Arch Phys Med Rehabil. 2023 Sep;104(9):1447-1455. doi: 10.1016/j.apmr.2023.02.017. Epub 2023 Mar 18.

Abstract

Objective: To investigate the feasibility, discriminative and convergent validity, and inter-rater reliability of a lower limb tactile function and 2 body awareness assessments in children with upper motor neuron (UMN) lesions.

Design: Cross-sectional psychometric study.

Setting: Pediatric rehabilitation center.

Participants: Forty individuals with UMN lesions (mean age 11.7 years, SD 3.4 years; 27 girls) and 40 neurotypically developing children of the same age participated (N=80).

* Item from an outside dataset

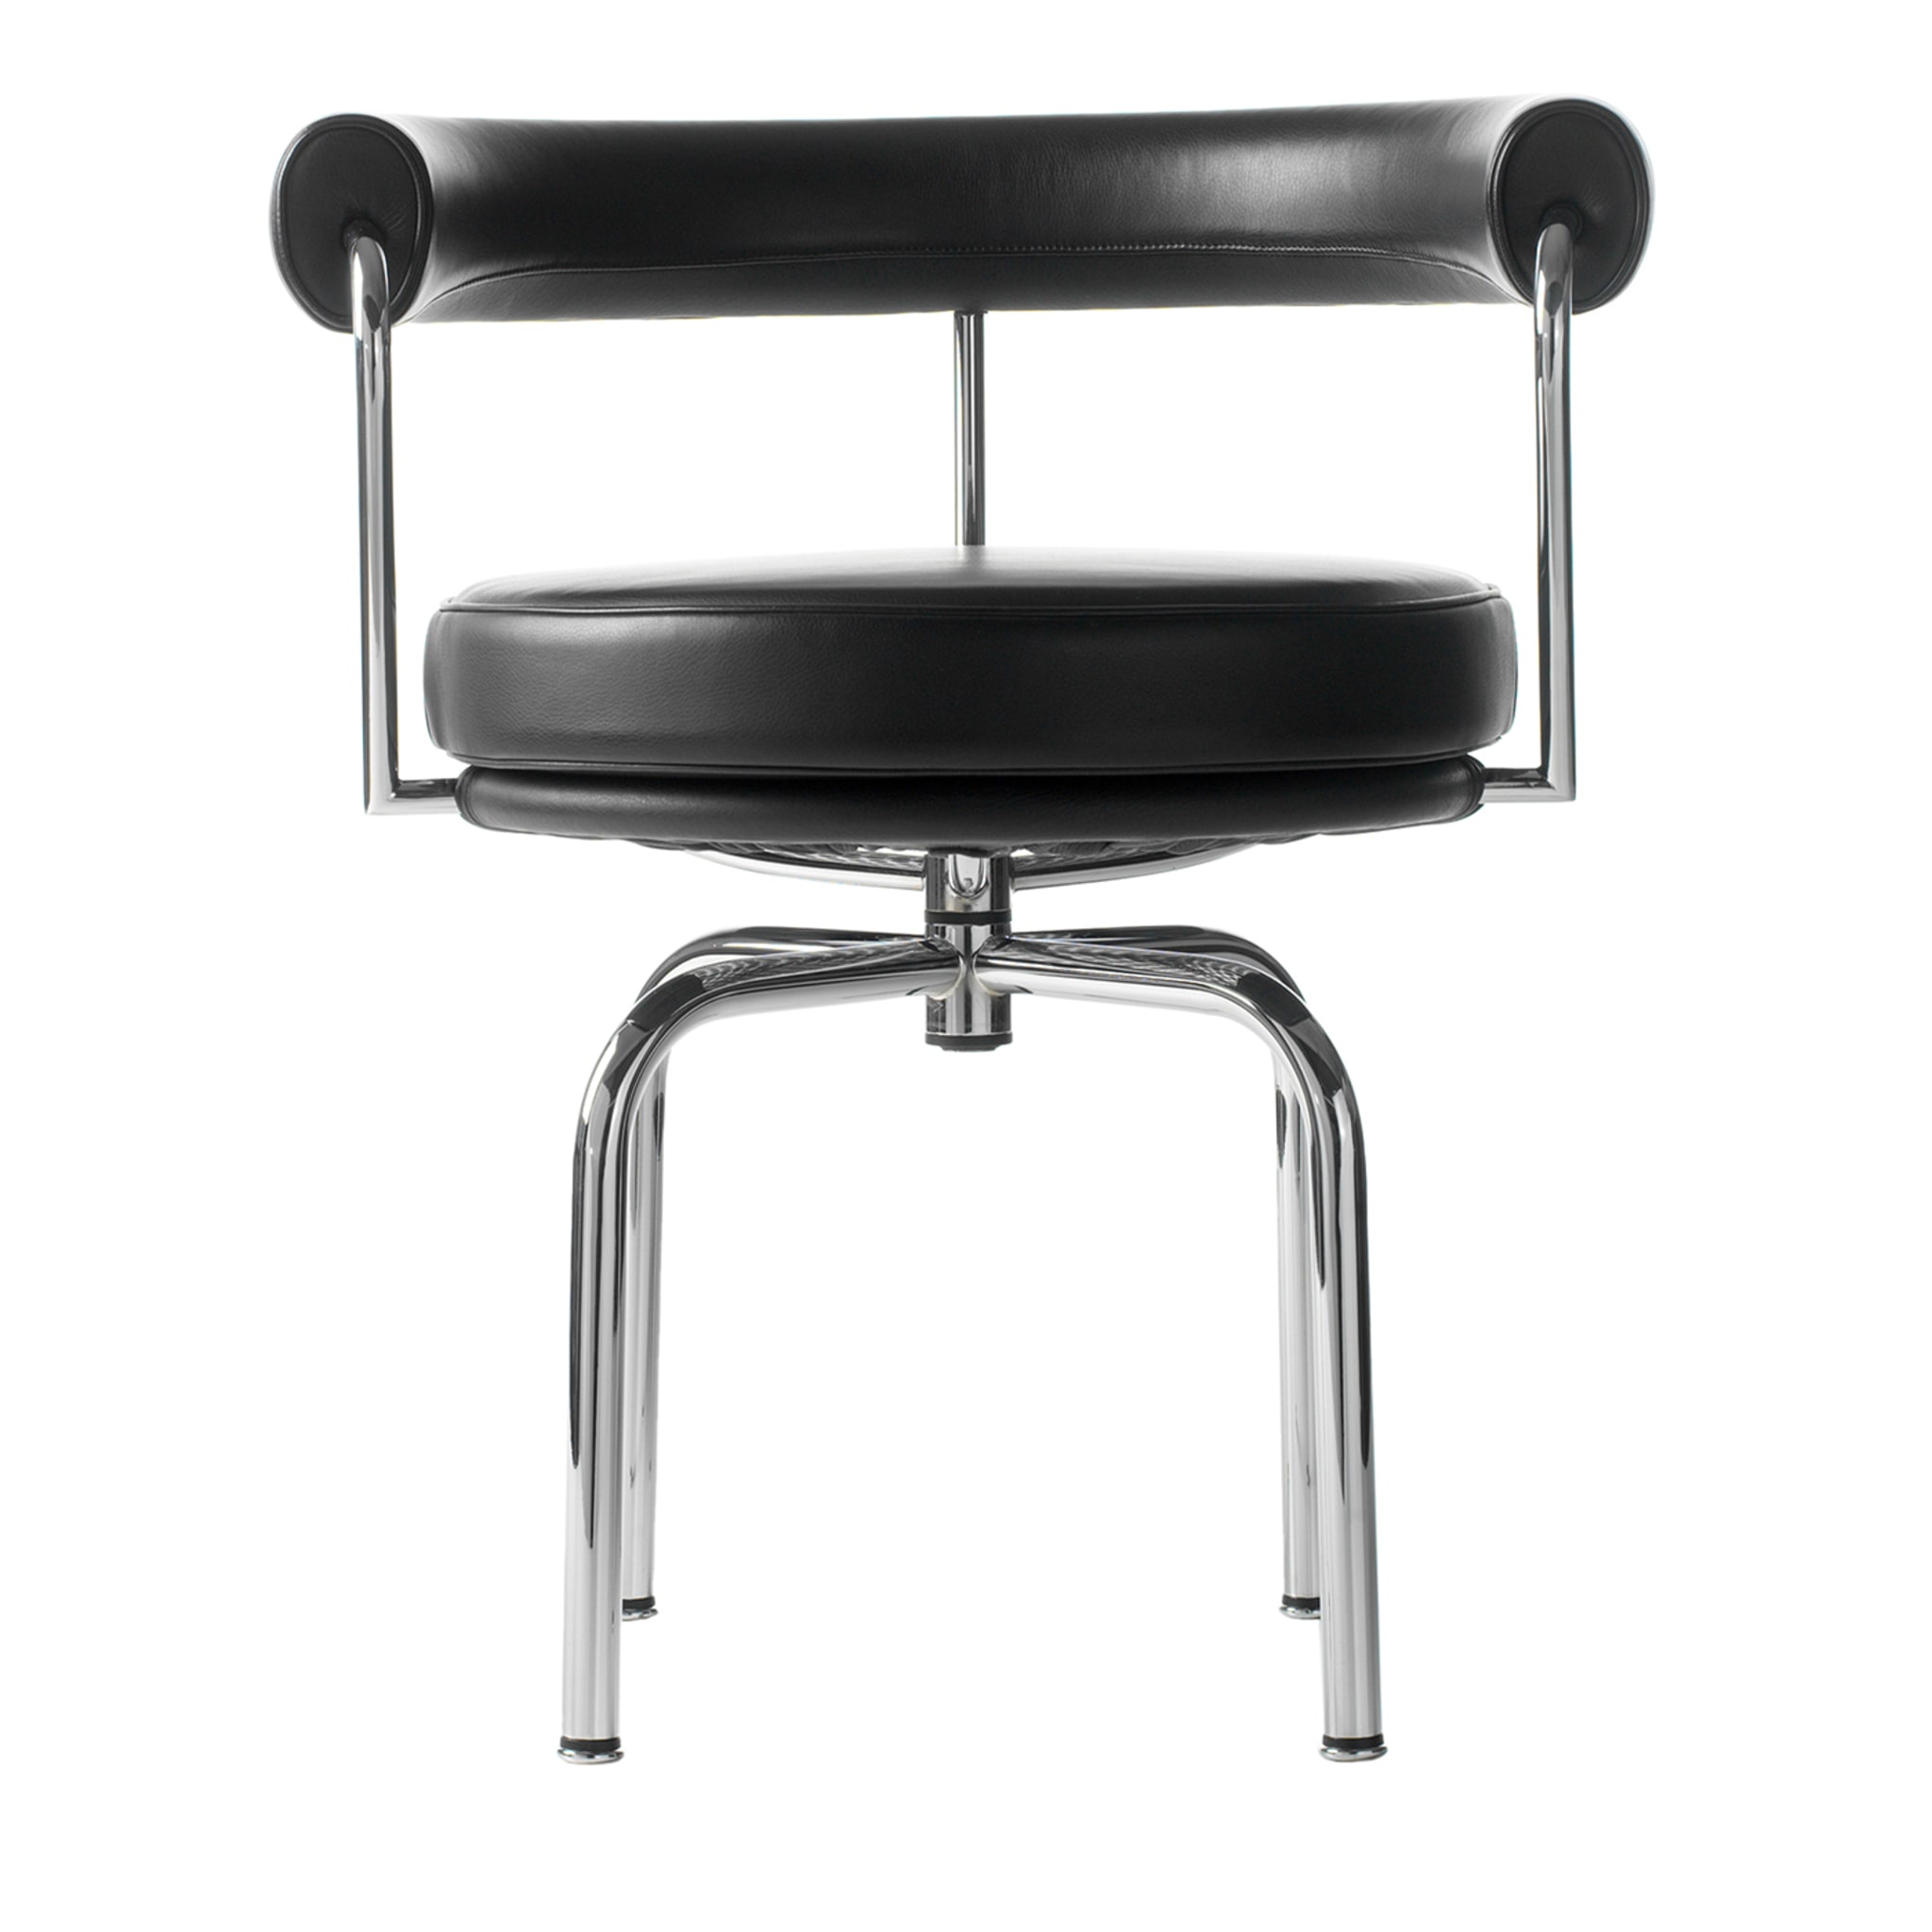 7 Fauteuil Tournant #2, by Charlotte Perriand/Lc Collection - Chromed Structure and Black Leather - Main view

Interventions: Not applicable.

Main outcome measures: We assessed the tactile threshold (TT) with monofilaments and body awareness with tactile localization tasks (TLTs) for structural (TLTaction) and spatial (TLTperception) body representation at the foot sole. We compared the test outcomes between children with UMN lesions and neurotypically developing children with the Wilcoxon signed-rank test. Furthermore, we quantified the relations between the 3 tests with Spearman correlations (rs) and the interrater reliability with quadratic weighted kappa (κQW).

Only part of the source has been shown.